Bottega Veneta’s Trompe L’oeil Leather Evolved Into Denim-ified Silk

Textural intrigue has been core to Matthieu Blazy’s Bottega Veneta since his inaugural collection, when the designer imprinted leather shirts and jeans with photorealistic trompe l’oeil prints that made them look like, well, normal shirts and jeans.

Now, for the third year of Bottega Veneta’s ongoing relationship with Biennale College Danza — the International Festival of Contemporary Dance — Bottega Veneta has devised ingenious “denim” sets, designed for the dance troupe commissioned by La Biennale di Venezia to perform When I Am Facing U, the new composition by Shanghai-based choreographer Xie Xin.

Bottega Veneta’s outfits are cleverly intended to be both light enough to avoid restricting the dancers’ movements and unassuming enough to appear like ordinary denim shirts and pants. They’re comprised entirely of ultra-flowy viscose silk, a delicate and historic textile formed from wood pulp rather than the byproduct of silkworms.

Teamed with a timeless ribbed Bottega tank, the dancers outfits look like a pastiche of James Dean’s wardrobe from a distance.

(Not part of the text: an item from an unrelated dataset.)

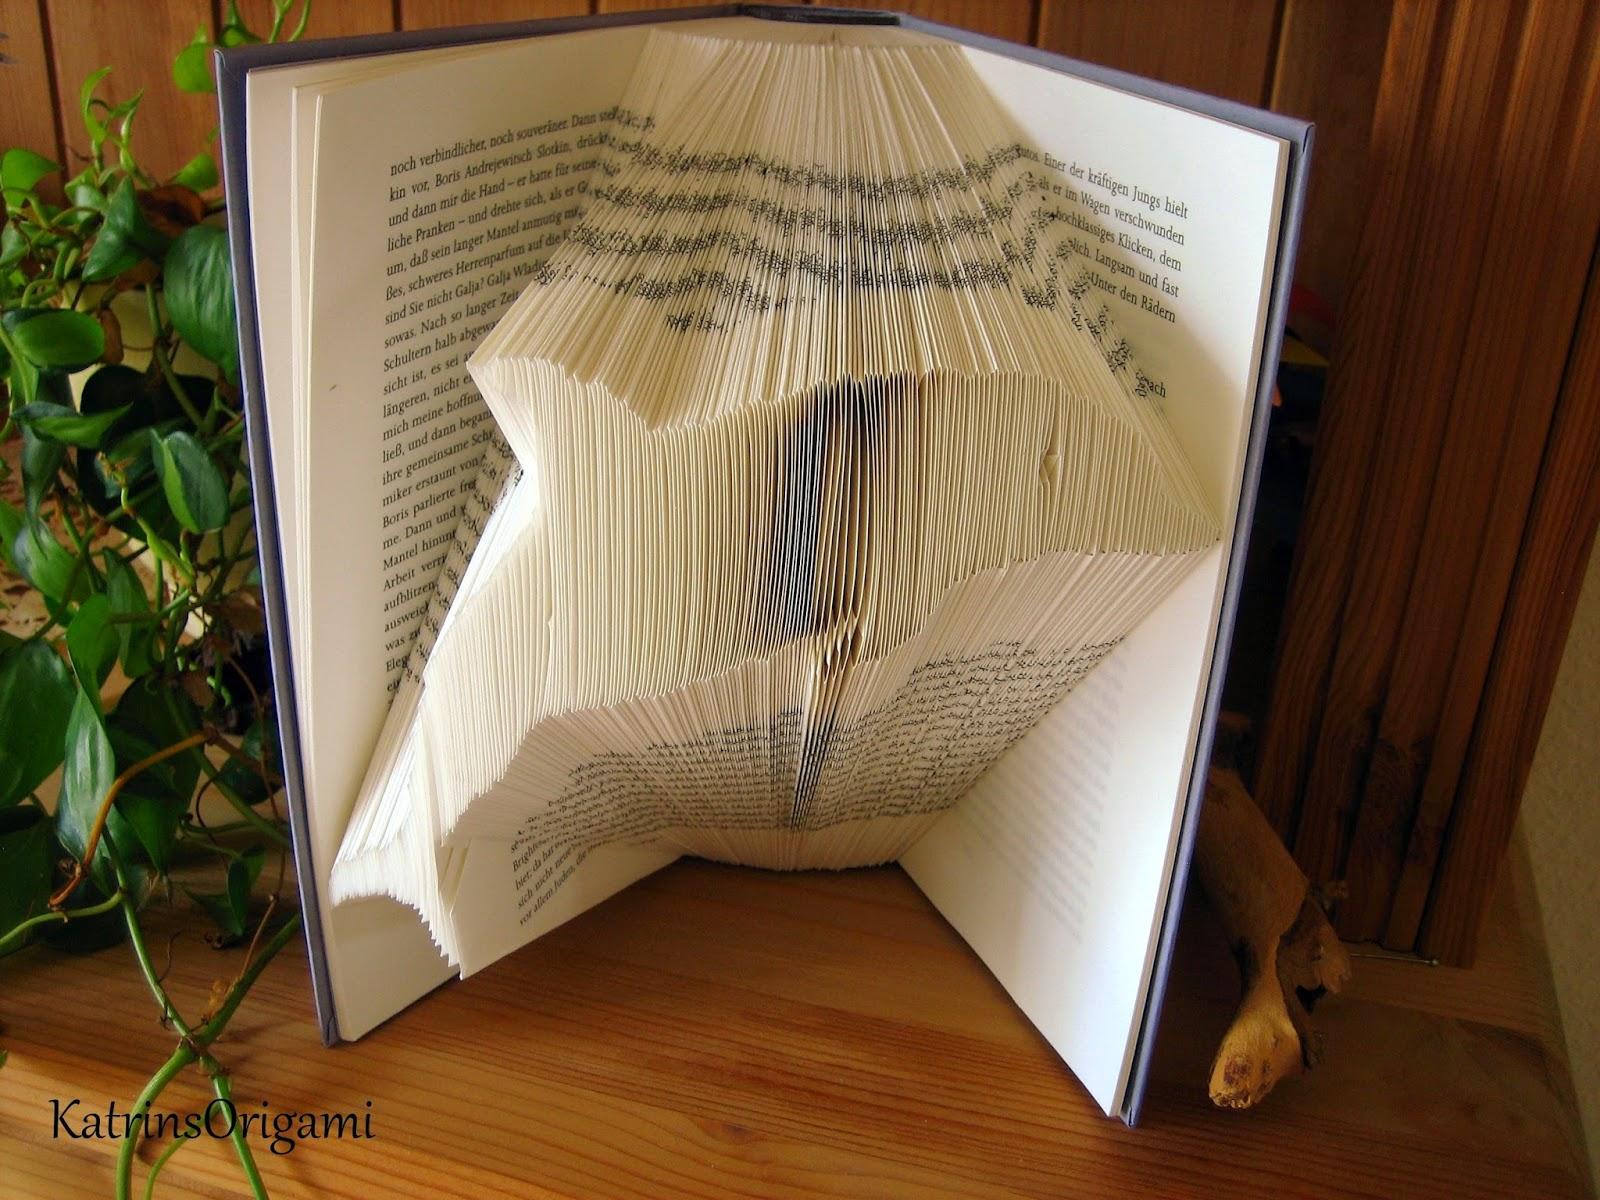 Origami Die Kunst Des Papierfaltens Book Art

In motion, though, they reveal themselves to be fluid yet sturdy, dancing in coordination with the artists themselves.

The silk denim sets are a far cry from Bottega Veneta’s typically beefy trompe l’oeil clothing.

While the silk sets are graceful and breezy, Bottega Veneta’s usual shapeshifting designs utilizes supple leather and sturdy silicone (plastic by any other name) to evoke rumpled paper, poppable bubble wrap, and brushed cotton flannel.

The tricky denim is all part of the workwear fascination that Blazy has infused into Bottega Veneta’s otherwise typically opulent, understated elegance.

Recent Bottega collections have yielded work boots, the aforementioned flannels, and fur-trimmed aviator jackets, for instance, which all fits well within BV’s humbly luxurious ethos but also advances the labels stylistic inspirations to include more function-inspired fare.

Perhaps the denim-printed silk sets designed for Xin’s dancers are a taste of what Bottega Veneta has planned for Spring/Summer 2024.

Given that its Spring/Summer 2023 collection included leather sweaters and shirts aplenty, some comparatively breathable silk would be a seasonal shift worth dancing about.